The higher-level argument in Williams’ book reveals more information about H.  Williams uses the Baire category theorem to deduce that H must be uncountable, hence H \supsetneq V regardless of how v_1,v_2,\cdots are chosen. Furthermore, the Lebesgue measure of H is easily shown to be zero, therefore, H does not contain any open intervals, and in particular H \subsetneq [0,1]. (Proof: the Lebesgue measure of I_{n,k} is at most \frac1{k2^{n-1}}.  Since \sum_{n=1}^\infty \frac1{2^{n-1}} = 2, the Lebesgue measure of \cup_n I_{n,k} is at most \frac2k.  As k \rightarrow \infty, this goes to zero, hence the measure of H must be zero.)

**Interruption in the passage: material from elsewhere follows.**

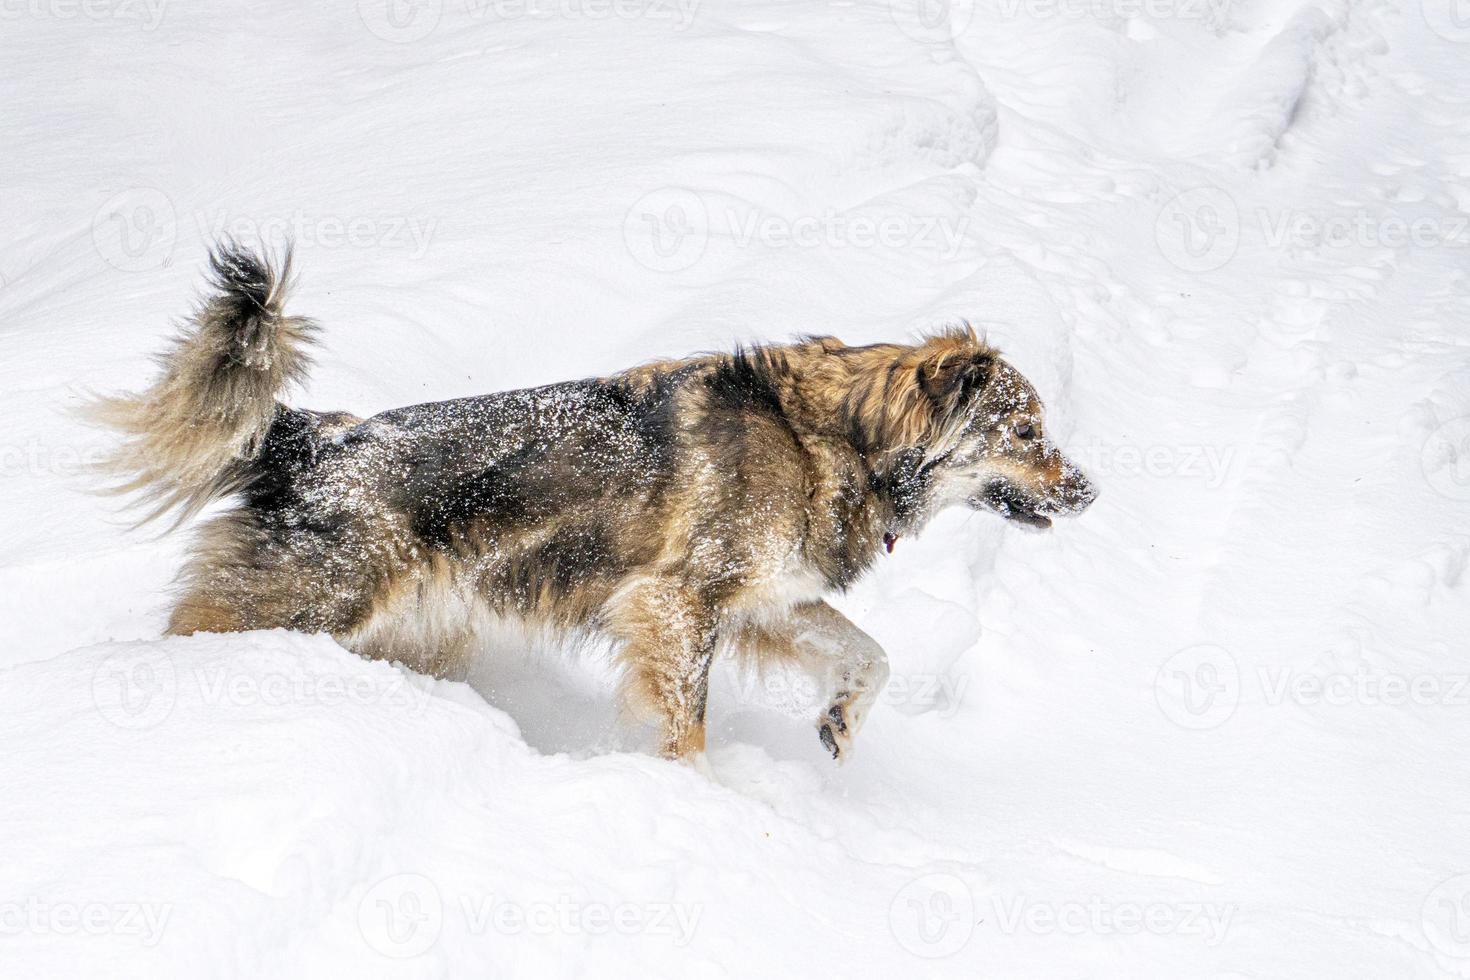 Dog in the snow in winter in dolomites mountains photo

For completeness, the fact that H is uncountable will be derived. The trick is to consider the complement H^c = [0,1] \setminus H. If it can be shown that the complement H^c is “too small” then H must be uncountable.  De Morgan’s law implies that H^c = \cup_{k=1}^\infty \left( \cup_{n=1}^\infty I_{n,k} \right)^c.   (Exercise: prove from first principles that \left( \cap_{k=1}^\infty G_k \right)^c = \cup_{k=1}^\infty G_k^c.)  Let F_n = \left( \cup_{n=1}^\infty I_{n,k} \right)^c.  Since \cup_{n=1}^\infty I_{n,k} contains all the rational numbers, F_n can contain only irrational numbers.  In particular, F_n does not contain any open interval. Each I_{n,k} is open and hence \cup_{n=1}^\infty I_{n,k} is open. Thus, F_n is a closed set not containing any open intervals. Such sets are called nowhere dense. Since H^c is the countable union of nowhere dense sets, it is a meagre set. If H is countable then it too would be meagre, and hence H \cup H^c would be meagre. Yet H \cup H^c = [0,1], and [0,1] is a Baire space, meaning meagre sets are “small”.  In particular, the whole space [0,1] cannot be meagre, a contradiction.  Therefore, H must be uncountable.

The conclusion then is that H depends on the actual ordering v_1,v_2,\cdots of the rationals, yet regardless of how the rationals are ordered, H will be an uncountable set of Lebesgue measure zero. In particular, V \subsetneq H \subsetneq [0,1].